● **Task instructions**:
When you reach the line with "Pantalon droit noir" in the data below, begin printing lines exactly, and stop once the line with "Напольный кухонный шкаф" has been printed.

● **Information**:
::::::::
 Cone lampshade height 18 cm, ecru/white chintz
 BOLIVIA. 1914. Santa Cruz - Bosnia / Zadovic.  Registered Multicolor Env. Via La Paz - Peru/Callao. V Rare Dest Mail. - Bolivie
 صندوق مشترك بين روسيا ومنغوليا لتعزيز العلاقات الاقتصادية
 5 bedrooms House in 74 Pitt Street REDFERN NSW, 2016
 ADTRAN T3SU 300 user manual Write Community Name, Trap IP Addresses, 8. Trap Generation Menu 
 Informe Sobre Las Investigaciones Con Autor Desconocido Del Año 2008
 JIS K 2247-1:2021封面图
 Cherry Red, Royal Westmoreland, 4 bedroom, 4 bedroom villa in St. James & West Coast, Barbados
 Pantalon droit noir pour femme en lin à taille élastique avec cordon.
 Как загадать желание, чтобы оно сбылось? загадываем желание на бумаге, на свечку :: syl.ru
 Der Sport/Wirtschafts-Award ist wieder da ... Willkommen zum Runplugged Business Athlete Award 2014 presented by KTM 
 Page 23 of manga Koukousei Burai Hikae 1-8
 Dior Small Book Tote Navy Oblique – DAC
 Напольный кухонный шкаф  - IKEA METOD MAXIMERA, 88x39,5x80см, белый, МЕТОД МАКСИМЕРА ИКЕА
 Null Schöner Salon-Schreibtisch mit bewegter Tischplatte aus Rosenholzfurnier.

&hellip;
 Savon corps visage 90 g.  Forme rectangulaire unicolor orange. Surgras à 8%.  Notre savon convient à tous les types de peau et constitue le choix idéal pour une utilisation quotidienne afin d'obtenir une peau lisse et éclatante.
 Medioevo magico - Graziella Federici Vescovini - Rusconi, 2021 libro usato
::::::::
● **Solution to this task**:
 Pantalon droit noir pour femme en lin à taille élastique avec cordon.
 Как загадать желание, чтобы оно сбылось? загадываем желание на бумаге, на свечку :: syl.ru
 Der Sport/Wirtschafts-Award ist wieder da ... Willkommen zum Runplugged Business Athlete Award 2014 presented by KTM 
 Page 23 of manga Koukousei Burai Hikae 1-8
 Dior Small Book Tote Navy Oblique – DAC
 Напольный кухонный шкаф  - IKEA METOD MAXIMERA, 88x39,5x80см, белый, МЕТОД МАКСИМЕРА ИКЕА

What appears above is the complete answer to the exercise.